Что такое проселочная дорога? Точнее всего, такие дороги надо бы назвать междусёлочные. Между деревень, между сёл, вообще между незначительными поселениями просто по земле ездят люди на машинах, а чаще на обыкновенных телегах, запряженных лошадьми, и когда но многу раз едут одним и тем же путем, образуется колея, протоптанный, прокатанный много раз один и тот же путь, этакое углубление, по которому движутся колеса всякого транспорта, и когда колея спускается в низину, а там скапливается вода, образуются колдобины, где и застрять нетрудно.

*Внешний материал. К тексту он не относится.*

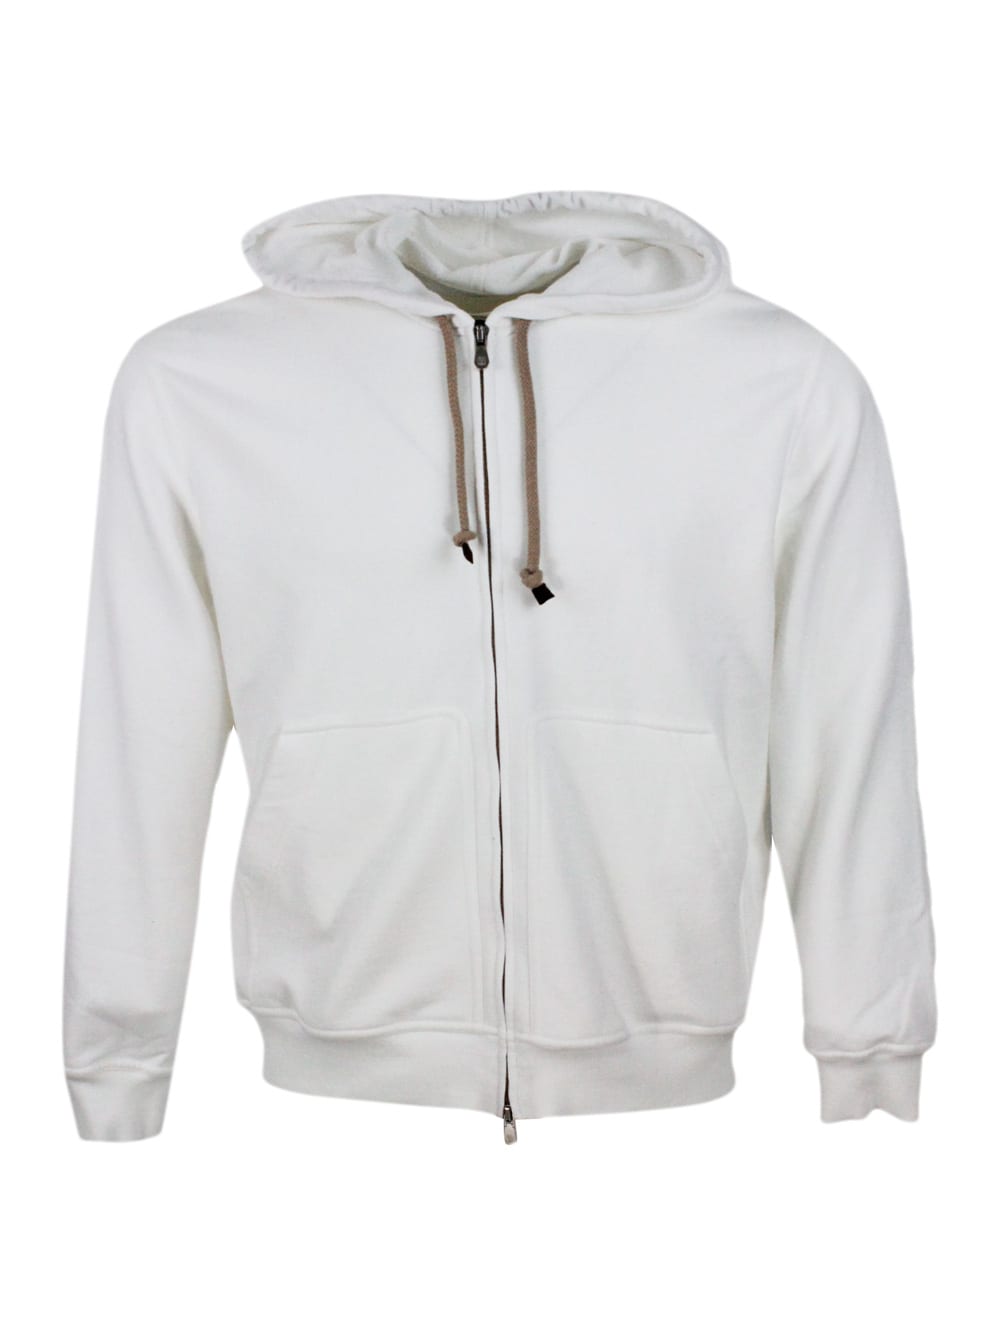 Shop Brunello Cucinelli Hooded Sweatshirt With Drawstring In Soft And Precious Cotton With Zip Closure In White

Но все это вполне естественно и понятно, когда такая дорога между деревнями, да и ездят-то по ней не так уж часто, особенно когда все машины, кроме газогенераторок, на фронт, как мужчины, призваны. А если такая проселочная дорога прямо в городе? Да еще по ней все-таки нет-нет да и прокондыбает тыловая газогенераторка? Или десяток-другой подвод прочавкает по жидкой грязи?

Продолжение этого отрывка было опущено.